The Day I Lost a Month of My Book (and Barely Flinched)
Last night, I realized I deleted the last month of work on my book.
Gone. The edits. The rewriting. The momentum. All of it.
Earlier in the day, I’d been tidying up my digital files, finally facing that flashing red exclamation mark about my Google storage being almost full. A few months ago, that kind of thing would have spun me out: “What if I don’t know how to fix this?” “What if I delete something important?” “gah…one more thing I don’t have the capacity for.”
But not this time.
This time, I saw the warning, opened my Drive, and calmly started clearing out files I no longer needed. I remember feeling… competent. Unbothered. No drama. No dread. Just: “I’ve got this.”
At some point, I was bulk-deleting unlabeled Google Docs, assuming they were old notes or rough drafts. It never occurred to me that I might be tossing out something important. And even if a flicker of that crossed my mind, it didn’t land with weight. I was clearing space. I was moving forward.

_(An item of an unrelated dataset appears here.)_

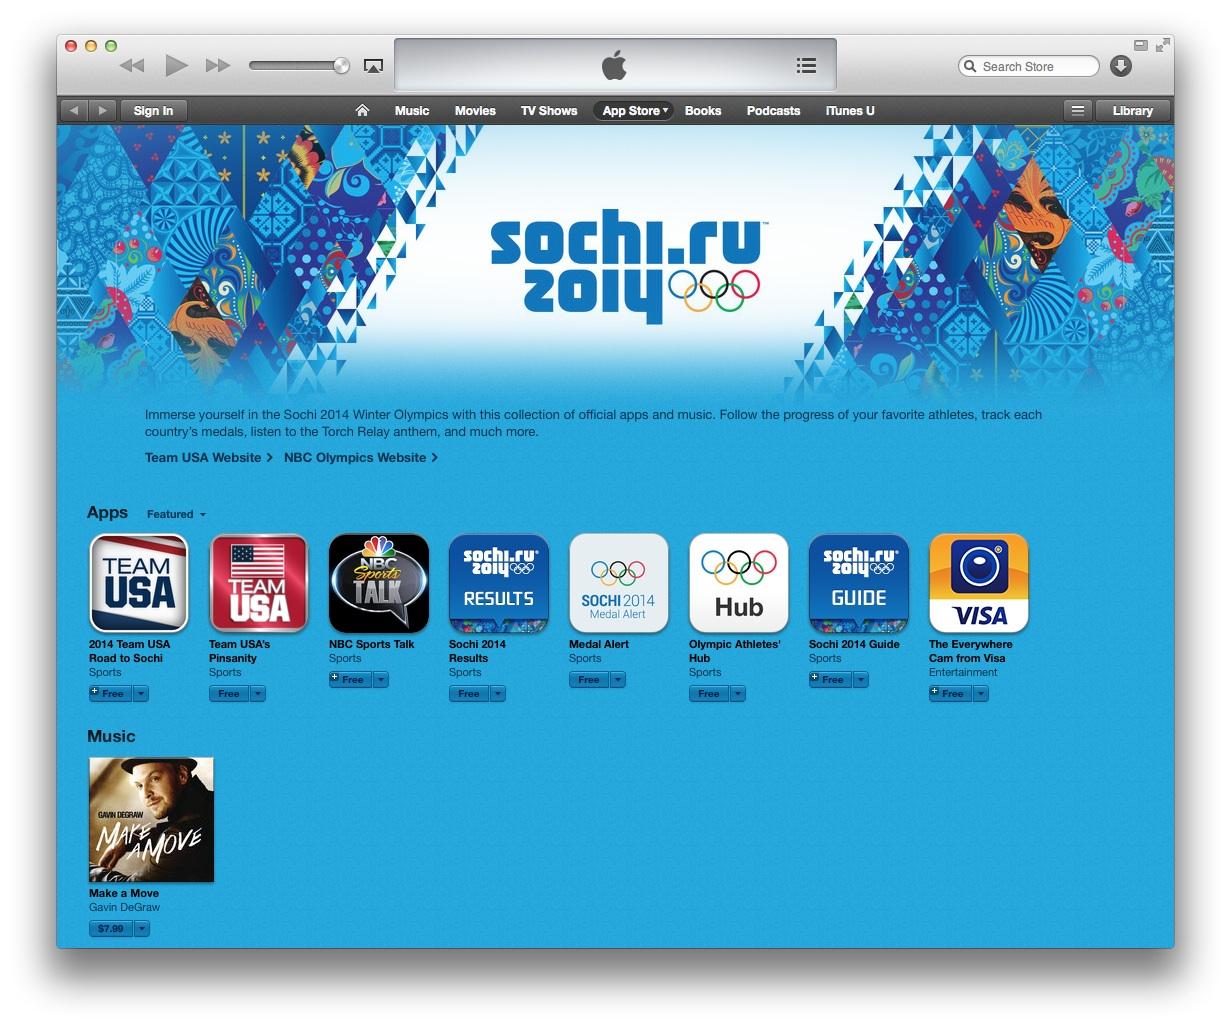 App Store Sochi 2014 (captura de pantalla 001 de iTunes)
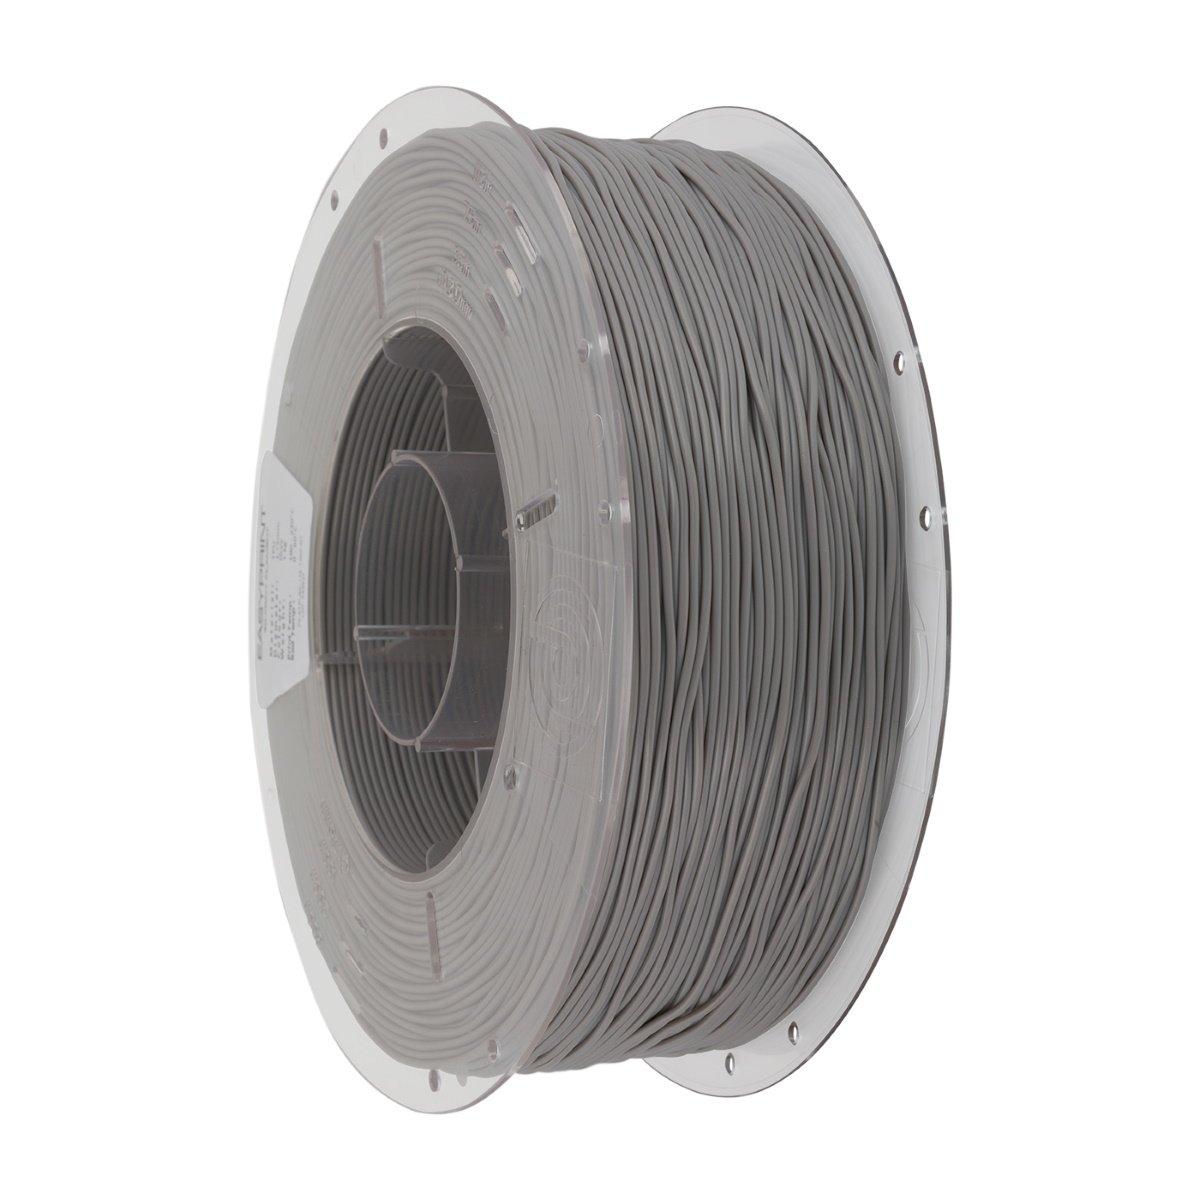 Image of PrimaCreator™ EasyPrint FLEX 95A - 1.75mm - 1 kg - Grey

It wasn’t until later that night, when I went to open my book document to write, that I felt it: the quiet “oh no.” The realization. A breath held. A pause.
Then just… stillness.
Not the panic I used to know. Not the inner lashing I once expected: “How could you delete something that mattered?” “What’s wrong with you?” “You’re so careless.”
None of that arrived.
What did arrive was a deep exhale. And a quiet truth: If it’s gone, it wasn’t meant to stay.
I still had a copy from late April. I still had my voice. I still had the growth. And most of all, I had this moment, this nervous system proof point. This is clean, clear evidence of the work I’ve been doing. On trust, regulation, self-forgiveness, and grounded identity, it isn’t just conceptual. It’s real. It’s embodied.
I didn’t just lose a month of writing.
I gained confirmation that my baseline has shifted.
That which once would’ve undone me barely nicked the surface.
That I don’t spiral when something slips through the cracks.
I trust that I can start again, not from scratch, but from a position of strength.
And that’s worth way more than any lost document.